The message said officials were “seeking an urgent meeting” with the Cabinet Office on the implications of the decision, including for those departments and union members who were in the middle of redundancy programmes.
Prospect deputy general secretary Garry Graham said yesterday’s decision had come as a surprise. “Eight unions ultimately reached agreement on the revised 2016 terms,” he said.
“The judgment appears to uphold a narrow point of law in terms of consultation – with PCS claiming they were debarred from talks. This was not Prospect’s understanding and we encouraged PCS to participate fully in the negotiating process throughout.
“The real danger is that the judicial review provides a green light to ministers to revisit the terms negotiated in 2016 with the aim of making further cuts.”
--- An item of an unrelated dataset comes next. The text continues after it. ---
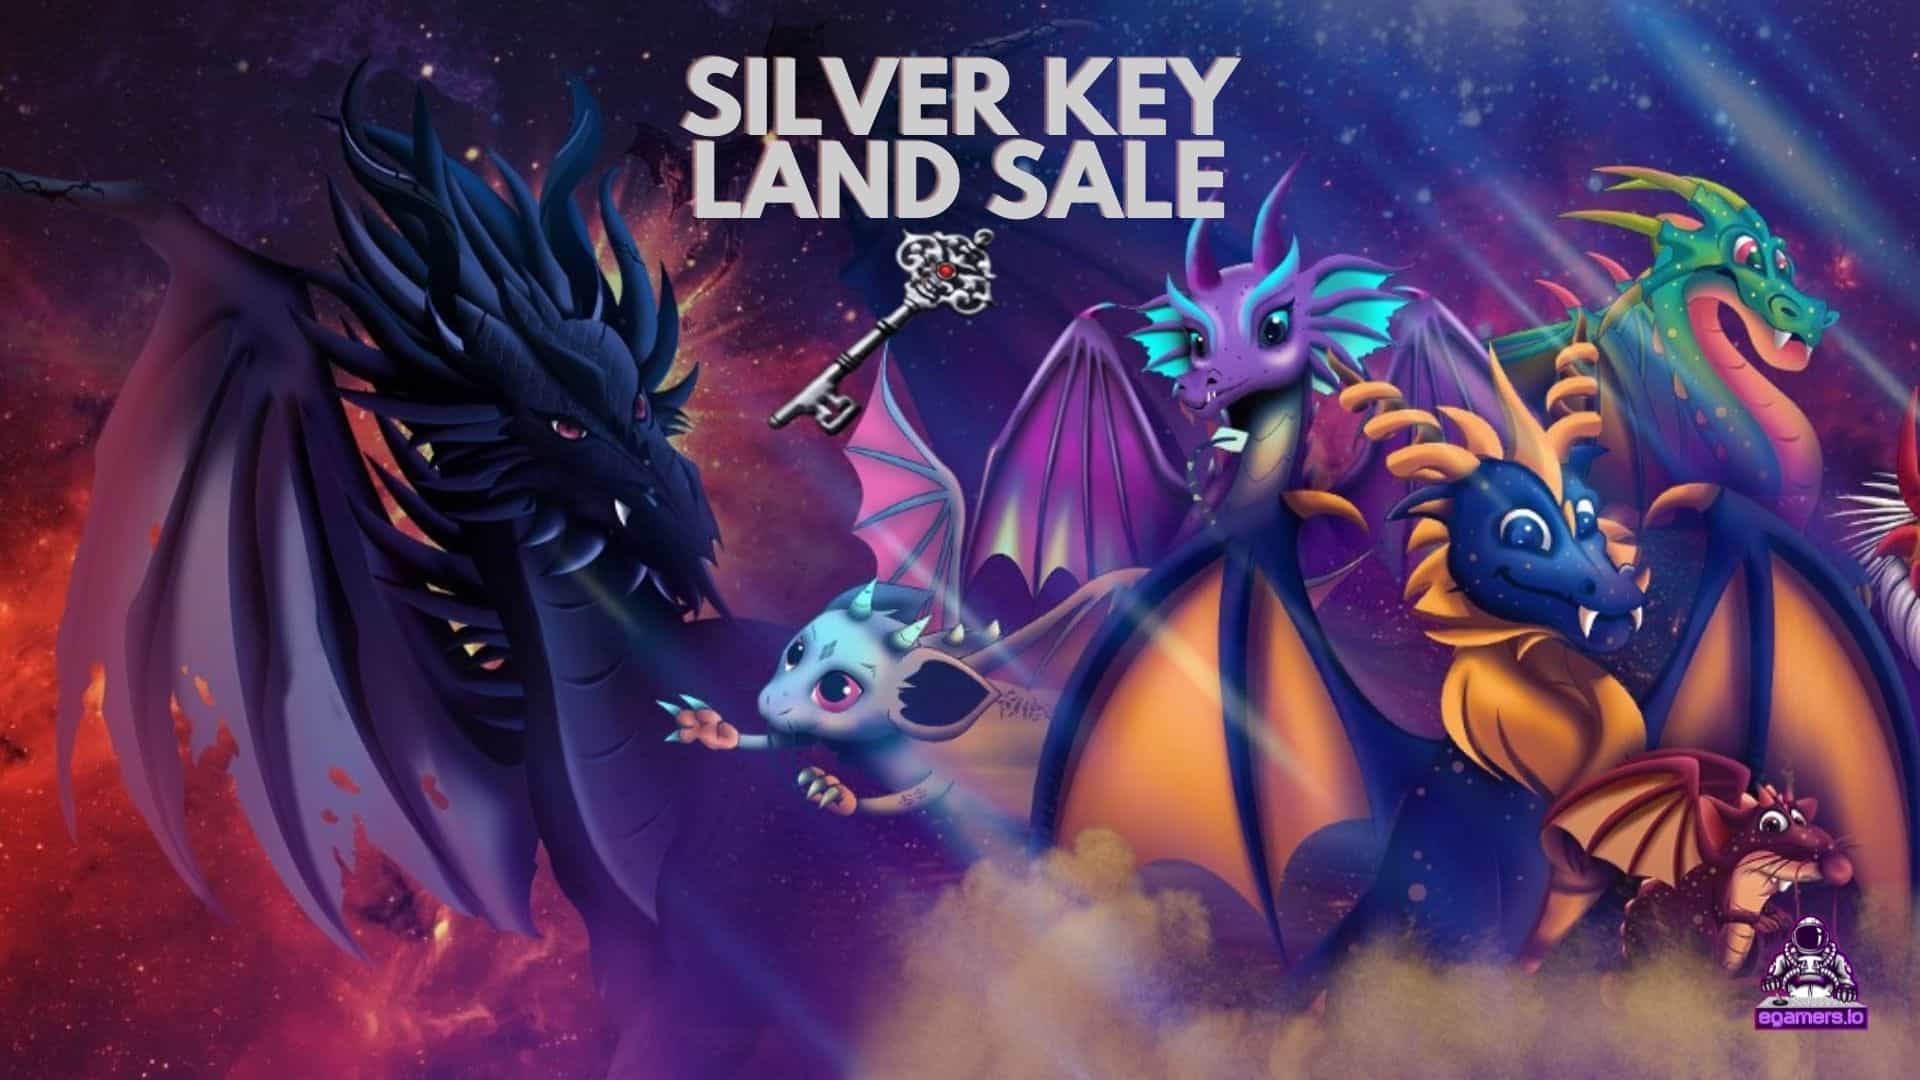 The Silver Key Land Sale That Unlocks Exclusive Benefits…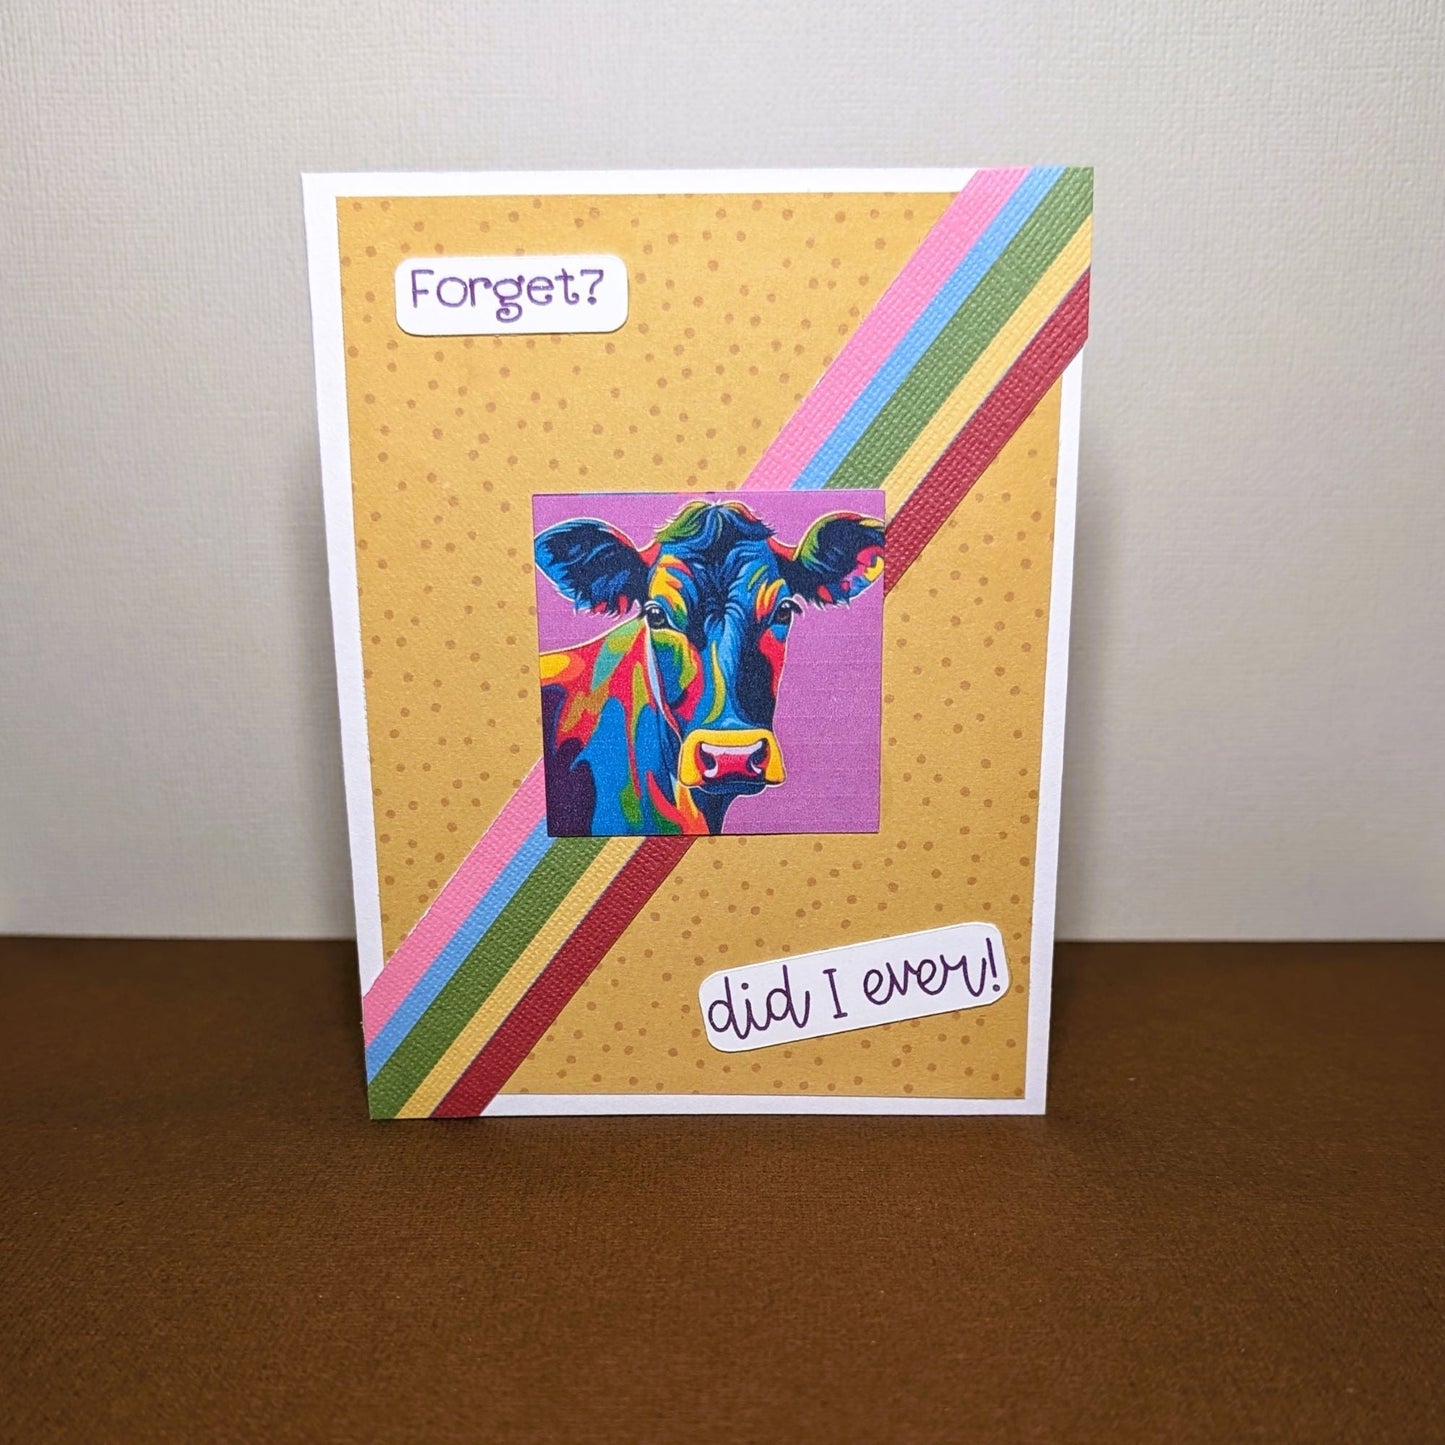 Salty Heifer - Forget? Did I Ever! - Sassy Handmade Greeting Card - 31 Rubies Designs

The FDA briefing said that the government had indicated any additional costs that arose through the decision would have to be met within existing departmental budgets, and that it will bring forward new proposals to change the CSCS in the event that it loses at appeal.
“We will have to wait to see whether the terms we were able to negotiate are maintained in any new offer," the briefing said.
The memo added that PCS had won a similar judgment at judicial review in 2010 over compensation scheme changes proposed by the last Labour government, which had resulted in the coalition government “proposing even greater reductions to the terms of the CSCS” than had been previously agreed.
PCS general secretary Mark Serwotka said the ruling was “a major victory" for civil servants and showed the value of belonging to a trade union that was “prepared to fight back”.
Serwotka said ministers must have known they had been breaking the law by excluding the union – the civil service’s largest – from the consultation on the proposed alterations.
“This is yet another example of how Tory governments treat their own workforce and other public servants with utter contempt,” he said.
“There is no way we would ever allow ourselves be chained in negotiations where the terms are rigged and the outcome fixed in advance, and no right-thinking person could expect us to.”